Each component of Kubeflow can be deployed separately, and it is not a requirement to deploy every component. [9]

History

The Kubeflow project was first announced at KubeCon + CloudNativeCon North America 2017 by Google engineers David Aronchick, Jeremy Lewi, and Vishnu Kannan [10] to address a perceived lack of flexible options for building production-ready machine learning systems. [11] The project has also stated it began as a way for Google to open-source how they ran TensorFlow internally. [12]

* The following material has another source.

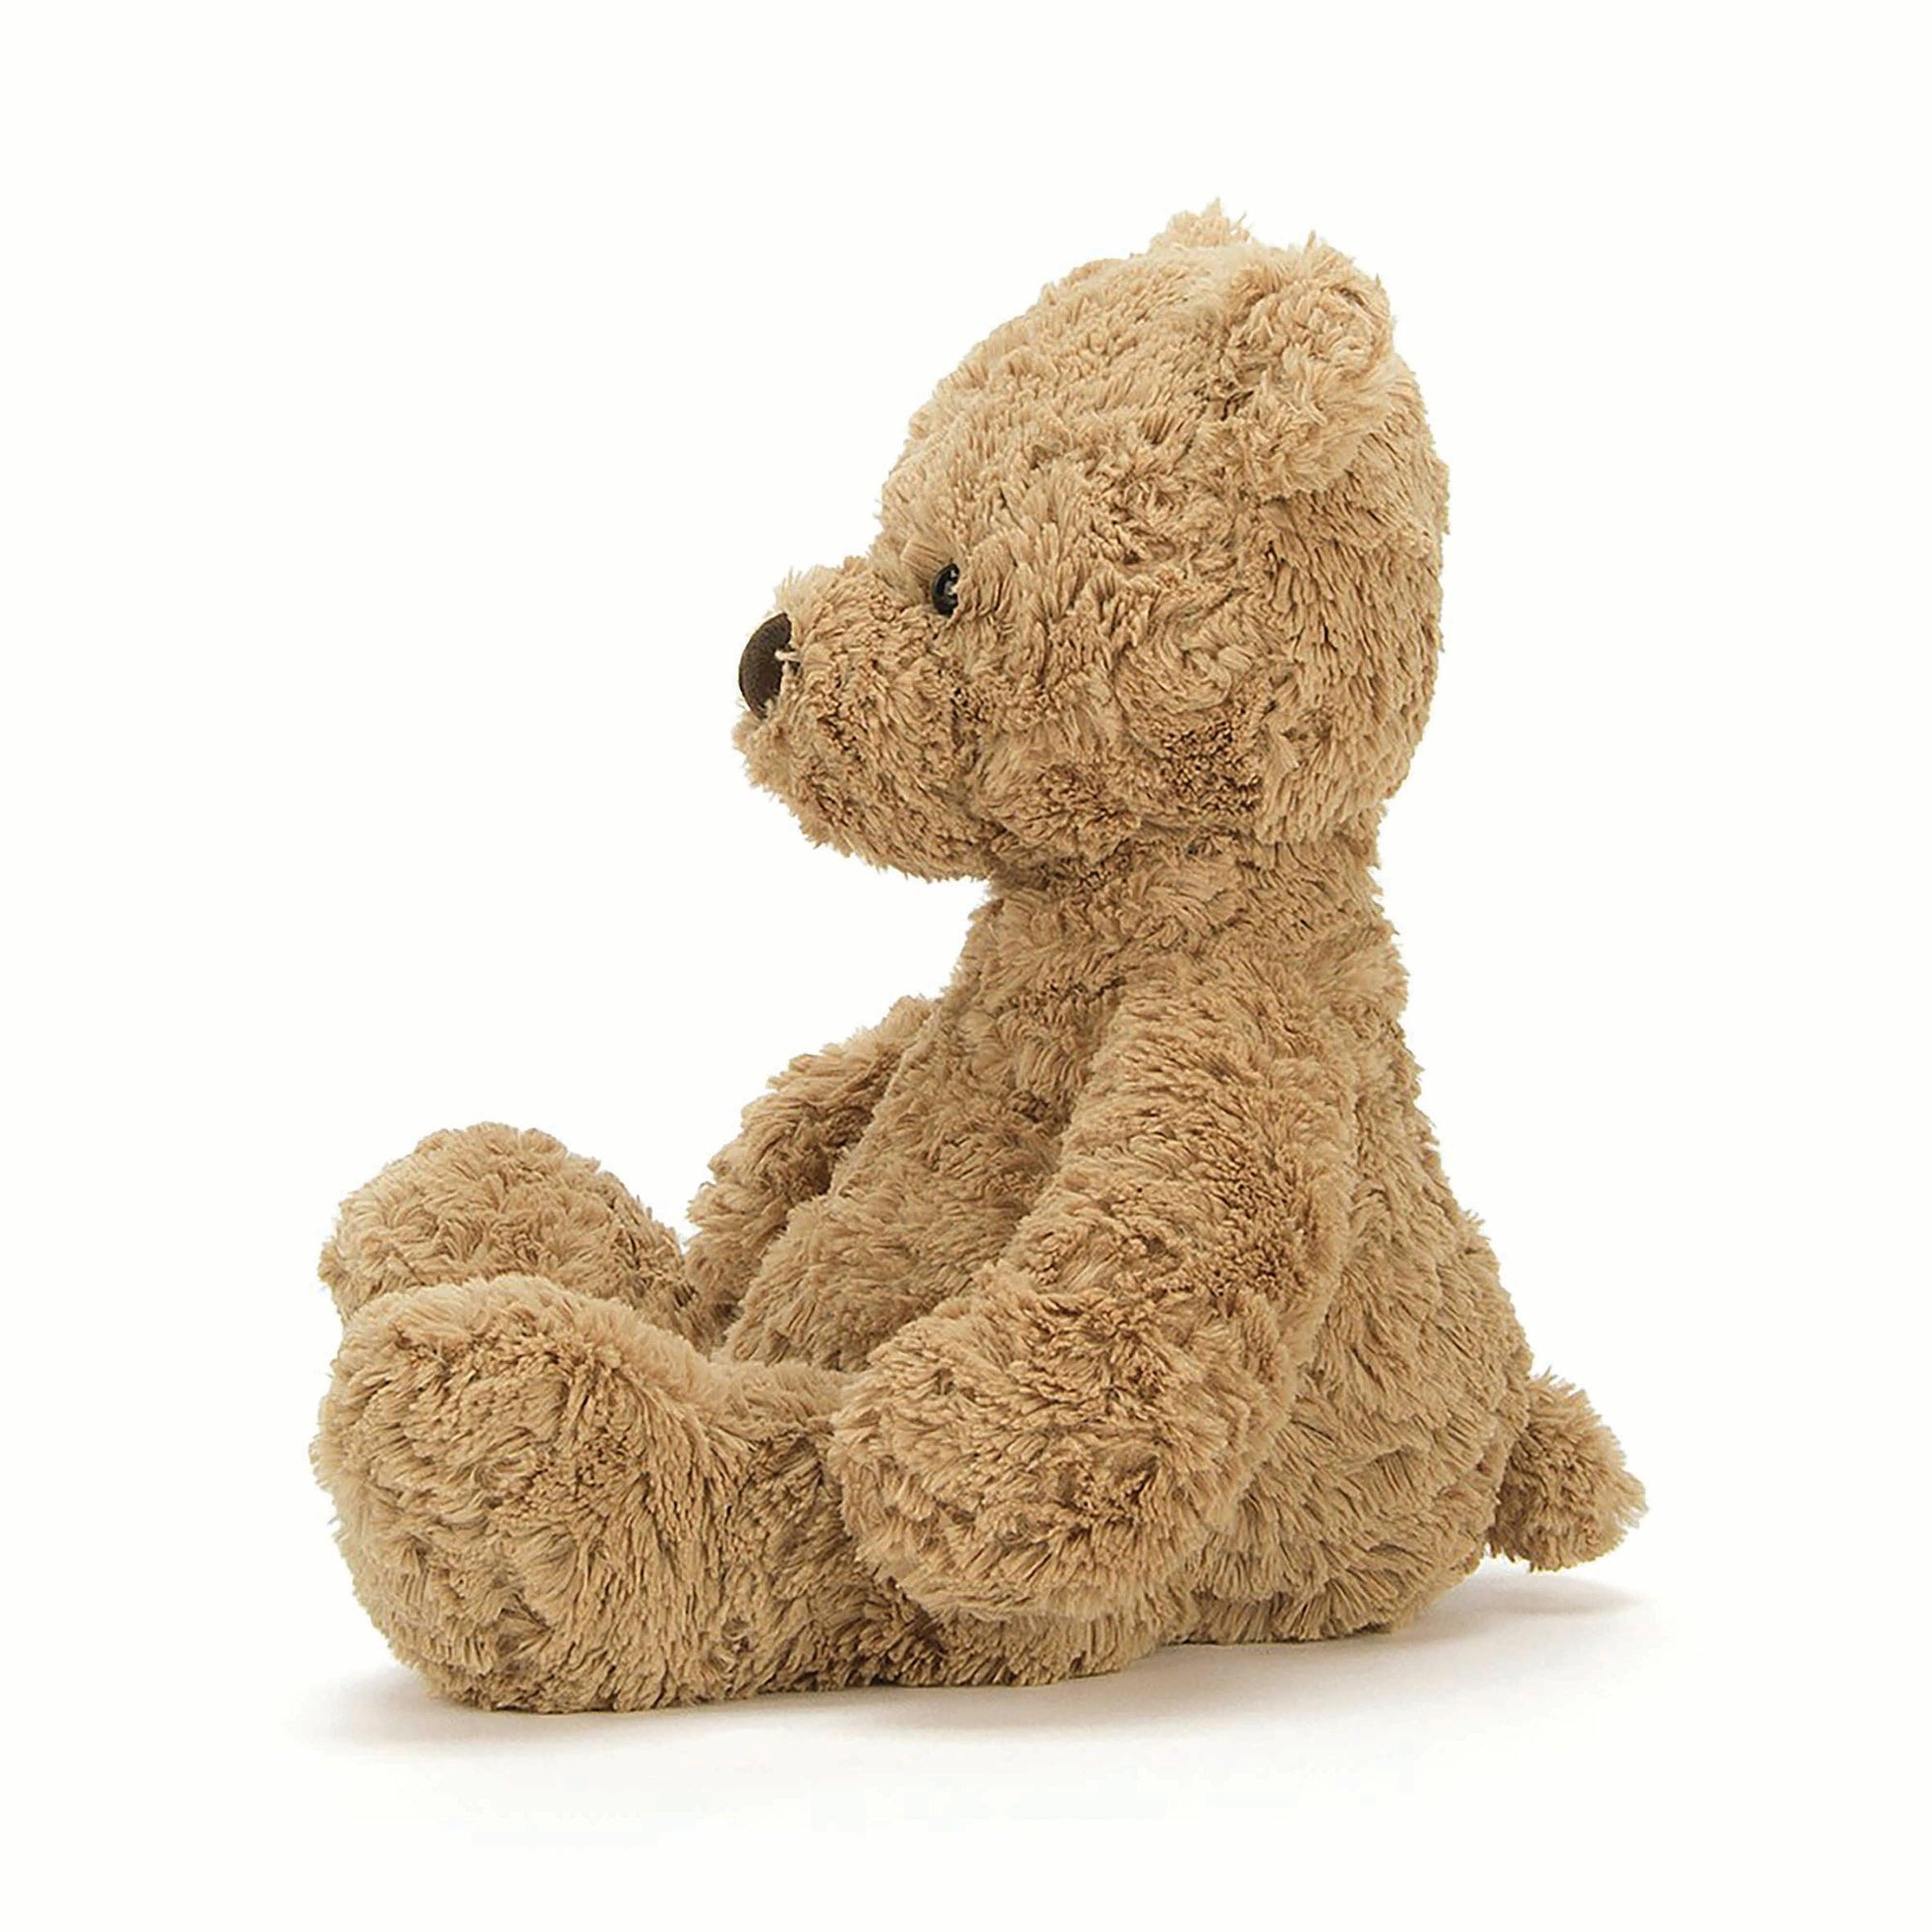 Jellycat Bumbly Bear - 38cm - Soft toy - Independence studios

The first release of Kubeflow (Kubeflow 0.1) was announced at KubeCon + CloudNativeCon Europe 2018 [13] with claims of having already become among the top 2% of GitHub projects ever. [14] Kubeflow 1.0 was released in March 2020 via a public blog post announcing that many Kubeflow components were graduating to a "stable status", indicating they were now ready for production usage. [15]

In October 2022, Google announced that the Kubeflow project had applied to join the Cloud Native Computing Foundation. [16] [17] In July 2023, the foundation voted to accept Kubeflow as an incubating stage project. [18] [19]

Components

Kubeflow Notebooks for model development

Machine learning models are developed in the notebooks component called Kubeflow Notebooks. The component runs web-based development environments inside a Kubernetes cluster, with native support for Jupyter Notebook, Visual Studio Code, and RStudio. [20]

Kubeflow Pipelines for model training

Once developed, models are trained in the Kubeflow Pipelines component. The component acts as a platform for building and deploying portable, scalable machine learning workflows based on Docker containers. [21] Google Cloud Platform has adopted the Kubeflow Pipelines DSL within its Vertex AI Pipelines product. [22]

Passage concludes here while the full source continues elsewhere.